In my WPF application's ViewModel has few properties, observableCollections etc. How can I save their current state as file when app is closing or save clicked Should I use [Serializable] implementation?

What is the best approach?

public class CustomerViewModel 
{
    private Customer obj = new Customer();

    public string TxtCustomerName
    {
        get { return obj.CustomerName; }
        set { obj.CustomerName = value; }
    }        

    public string TxtAmount
    {
        get { return Convert.ToString(obj.Amount) ; }
        set { obj.Amount = Convert.ToDouble(value); }
    }
}

Upvotes: 1

Views: 1993

Answers (2)

Mike Strobel
Mike Strobel

Reputation: 25623

There isn't a standard practice for persisting MVVM state. You just need to pick a format, just like you would for any other serialization problem. I personally am a fan of using Xaml, as it's human readable and can represent most of the types that you might be using in a WPF application.

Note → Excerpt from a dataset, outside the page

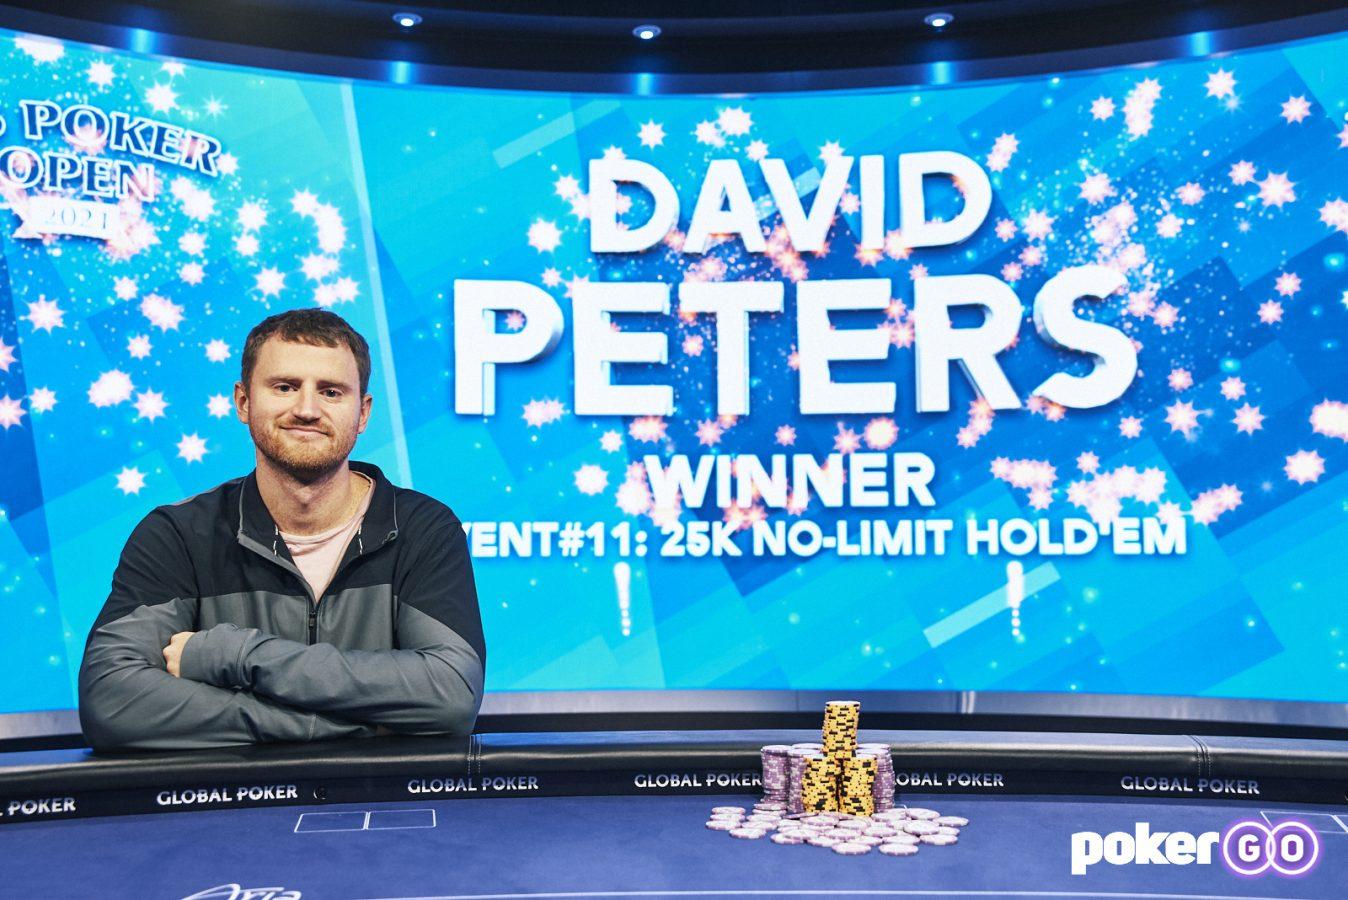 David Peters Wins Takes Down A.S. Poker Open $25.000 untuk Judul #3

Example code, included in a base class for your view models:

public class ViewModelBase : INotifyPropertyChanged
{
    public event PropertyChangedEventHandler PropertyChanged;

    private static string RootStoragePath =>
        Path.Combine(
            Environment.GetFolderPath(Environment.SpecialFolder.LocalApplicationData),
            "YourApplication",
            "ViewState");

    protected string StateFilePath =>
       Path.Combine(RootStoragePath, this.GetType().Name + ".xaml");

    public void Save()
    {
        var fileName = StateFilePath;

        var directoryName = Path.GetDirectoryName(fileName);
        if (directoryName != null && !Directory.Exists(directoryName))
            Directory.CreateDirectory(directoryName);

        XamlServices.Save(fileName, this);
    }

    public void Load()
    {
        var fileName = StateFilePath;

        if (File.Exists(fileName))
        {
            using (var file = File.OpenRead(fileName))
            using (var reader = new XamlXmlReader(file))
            {
                var writer = new XamlObjectWriter(
                    reader.SchemaContext,
                    new XamlObjectWriterSettings { RootObjectInstance = this });

                using (writer)
                {
                    XamlServices.Transform(reader, writer);
                }
            }
        }
    }

    protected virtual void OnPropertyChanged(string propertyName)
    {
        this.PropertyChanged?.Invoke(this, new PropertyChangedEventArgs(propertyName));
    }
}

The saved state would look something like this:

<CustomerViewModel TxtAmount="3.5"
                   TxtCustomerName="Mike Strobel"
                   xmlns="clr-namespace:WpfTest;assembly=WpfTest" />

Note that this is a minimal example. Ideally, your error handling on the storage operations would be more robust. Be sure to change RootStoragePath to be unique to your application.

Upvotes: 1

mm8
mm8

Reputation: 169400

What the best approach is depends on your requirements. You could for example serialize your class using the built-in DataContractJsonSerializer class without modifying the class at all:

CustomerViewModel vm = new CustomerViewModel();
//...

using (MemoryStream ms = new MemoryStream())
{
    DataContractJsonSerializer ser = new DataContractJsonSerializer(typeof(CustomerViewModel));
    ser.WriteObject(ms, vm);
    File.WriteAllText("save.txt", Encoding.UTF8.GetString(ms.ToArray()));
}

You will need to add a reference to System.Runtime.Serialization.dll. Please refer to the following blog post for more information: https://www.bytefish.de/blog/enum_datacontractjsonserializer/.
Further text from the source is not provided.